(STORED DATA)

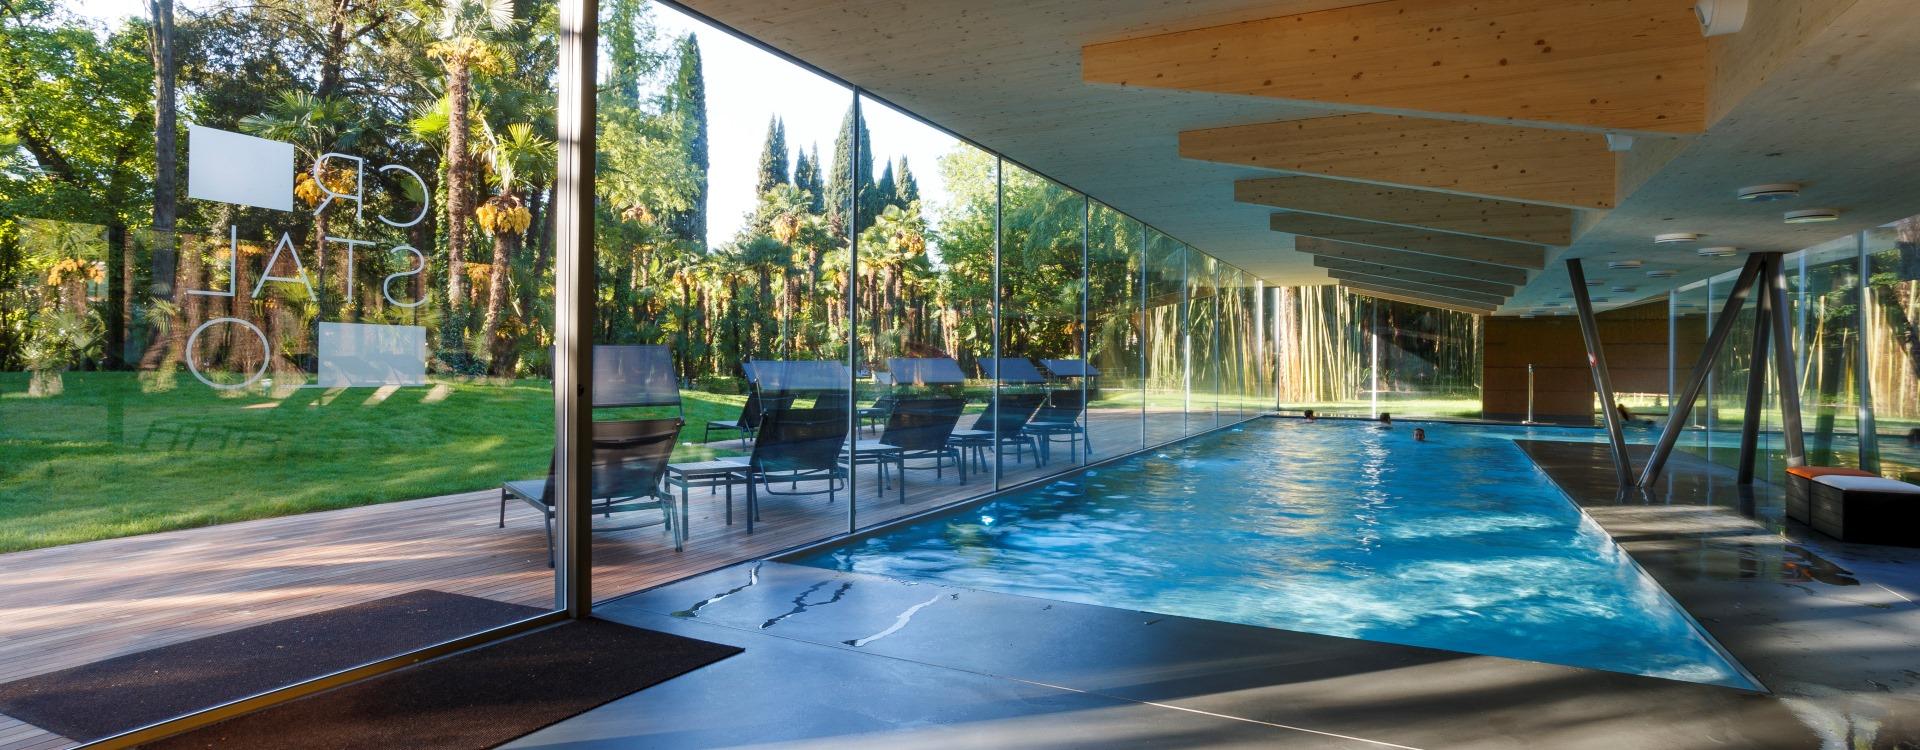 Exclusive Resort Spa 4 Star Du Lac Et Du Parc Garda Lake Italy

(End STORED DATA)
(STORED DATA)

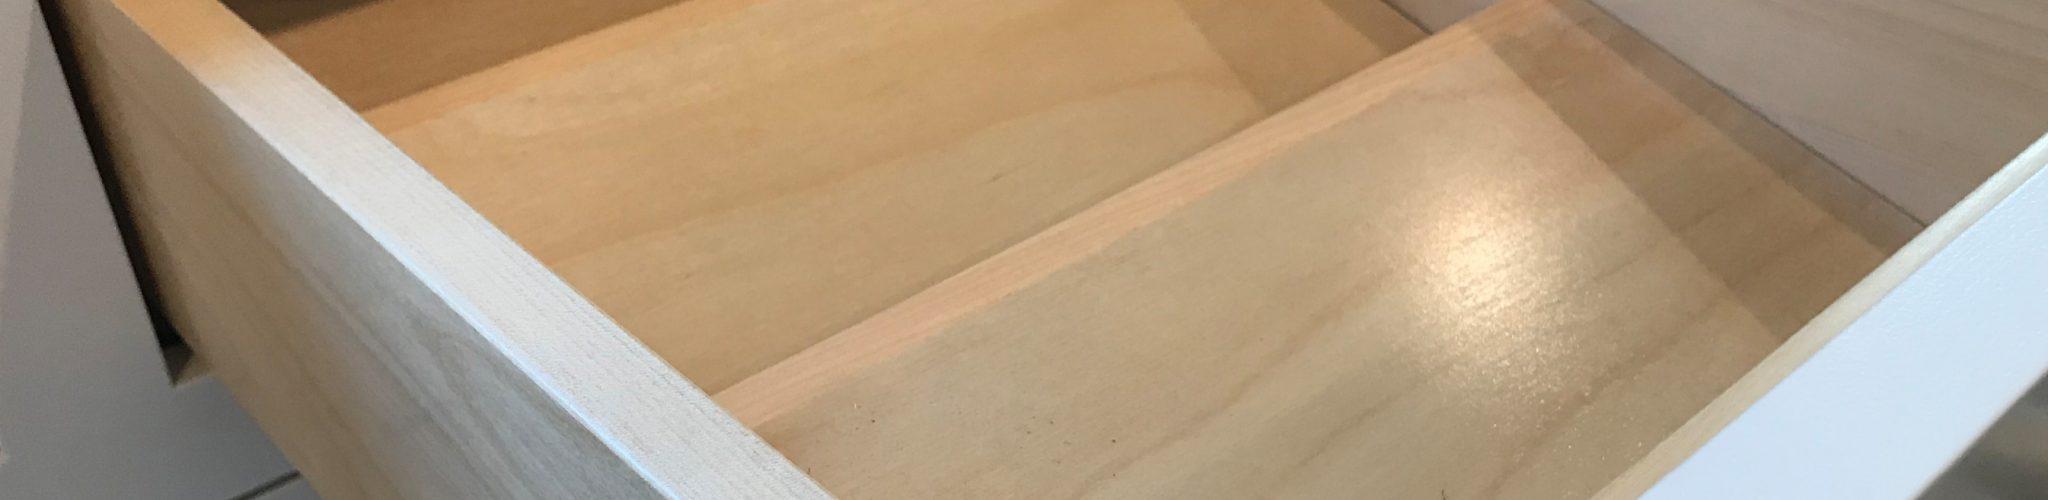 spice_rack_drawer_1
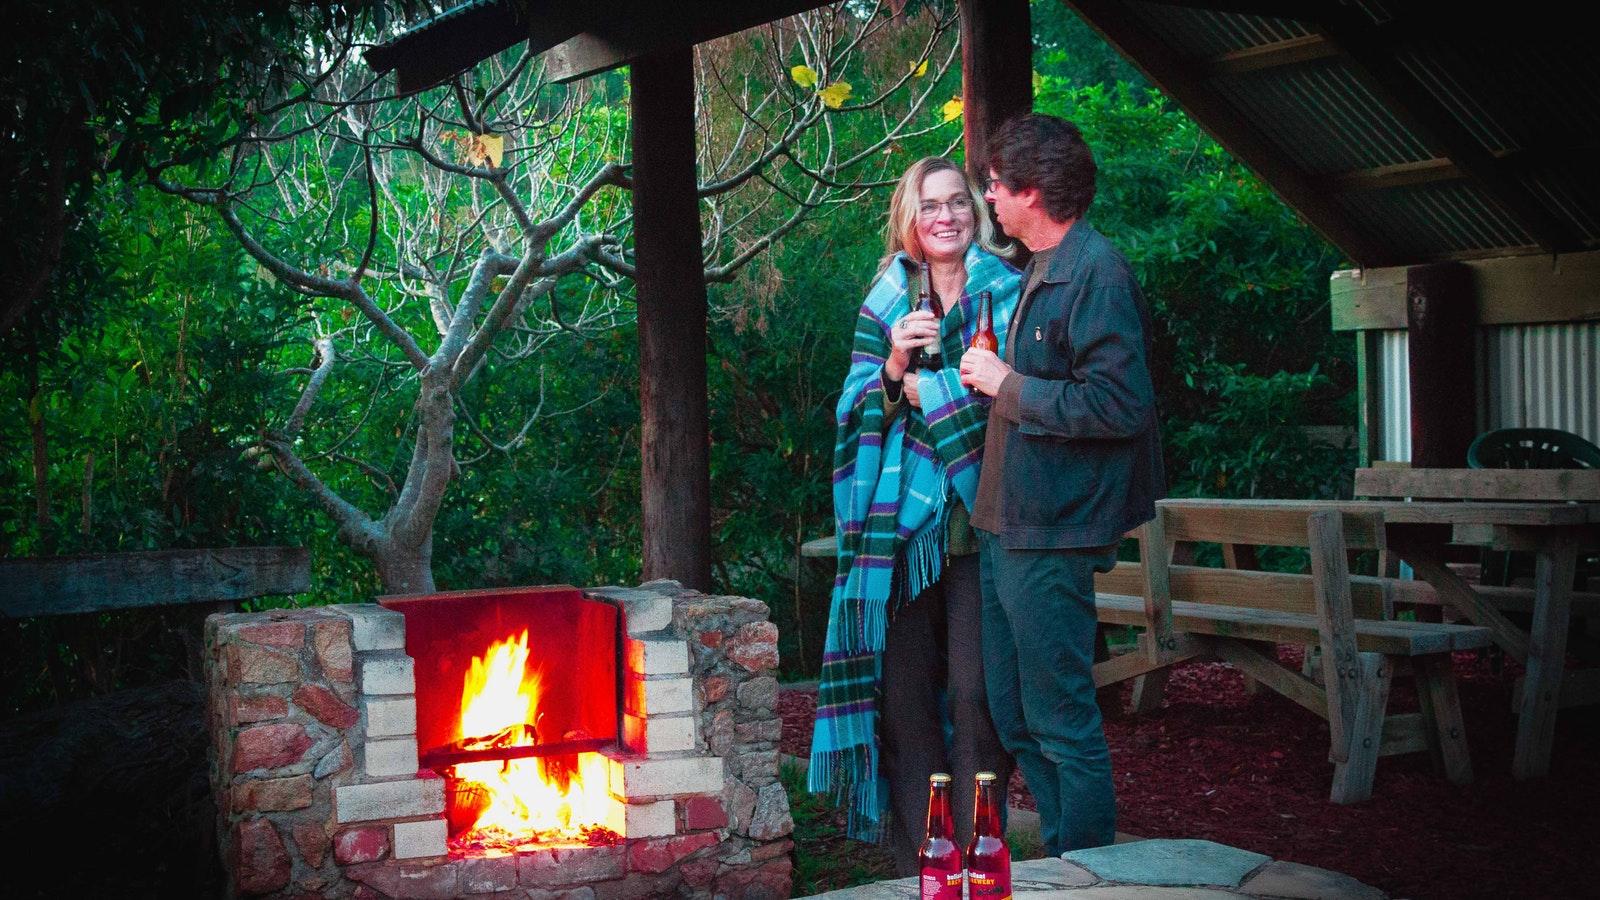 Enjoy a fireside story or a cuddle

(End STORED DATA)

EXERCISE DESCRIPTION: Starting at the line above that holds "spice_rack_drawer_1", repeat every line exactly down to and including the line that holds "Enjoy a fireside story or a cuddle", then stop. Do not carry over any pictures.

SOLUTION FOR THIS PROBLEM:
 spice_rack_drawer_1
 Enjoy a fireside story or a cuddle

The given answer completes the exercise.